Students will attend on campus classes as well as engage in learning activities through ECU Blackboard.

JoondalupMount LawleySouth West (Bunbury)
Full YearNot Offered29 x 2 hour seminarNot Offered

For more information see the Semester Timetable

Additional Learning Experience Information

Seminars, Video analysis, Performance analysis and Independent study.

Assessment

GS1 GRADING SCHEMA 1 Used for standard coursework units

Students please note: The marks and grades received by students on assessments may be subject to further moderation. All marks and grades are to be considered provisional until endorsed by the relevant Board of Examiners.

ON CAMPUS
TypeDescriptionValue
PresentationSeminar presentation20%
PresentationSeminar presentation30%
Research PaperMajor research paper *50%

* Assessment item identified for English language proficiency


Disability Standards for Education (Commonwealth 2005)

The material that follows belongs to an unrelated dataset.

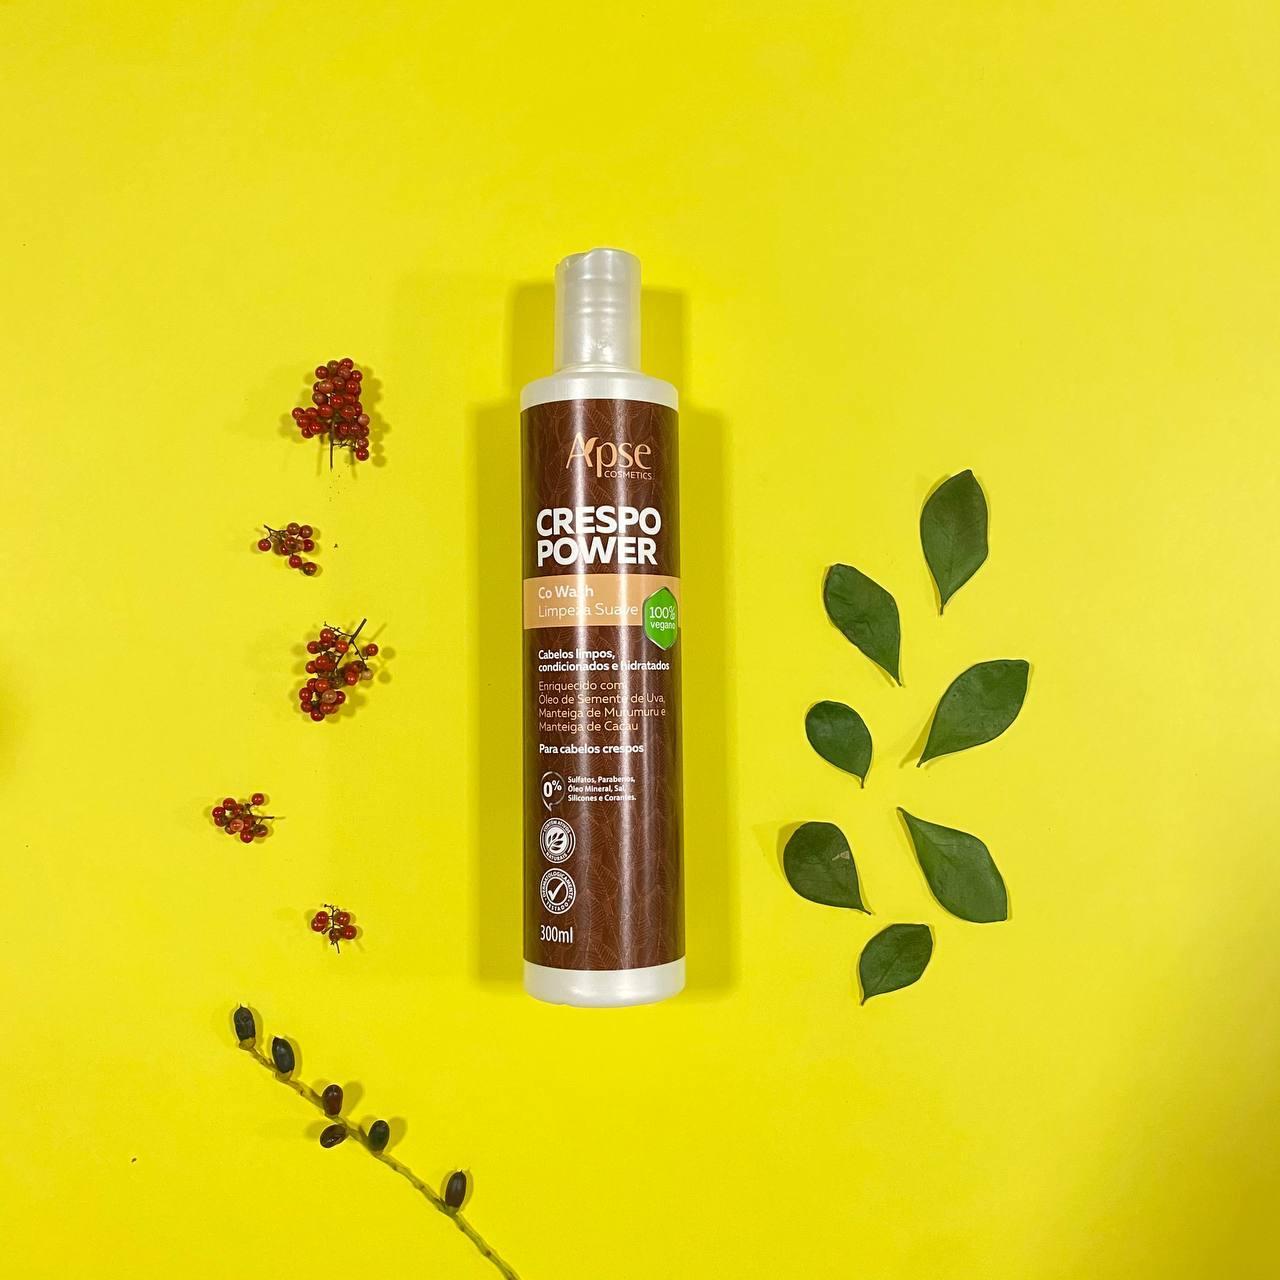 Co Wash Limpeza Suave Crespo Power - Apse Cosmetics 300ml

For the purposes of considering a request for Reasonable Adjustments under the Disability Standards for Education (Commonwealth 2005), inherent requirements for this subject are articulated in the Unit Description, Learning Outcomes and Assessment Requirements of this entry. The University is dedicated to provide support to those with special requirements. Further details on the support for students with disabilities or medical conditions can be found at the Access and Inclusion website.

Academic Misconduct

Edith Cowan University has firm rules governing academic misconduct and there are substantial penalties that can be applied to students who are found in breach of these rules. Academic misconduct includes, but is not limited to:

  • plagiarism;
  • unauthorised collaboration;
  • cheating in examinations;
  • theft of other students' work;

Additionally, any material submitted for assessment purposes must be work that has not been submitted previously, by any person, for any other unit at ECU or elsewhere.

The ECU rules and policies governing all academic activities, including misconduct, can be accessed through the ECU website.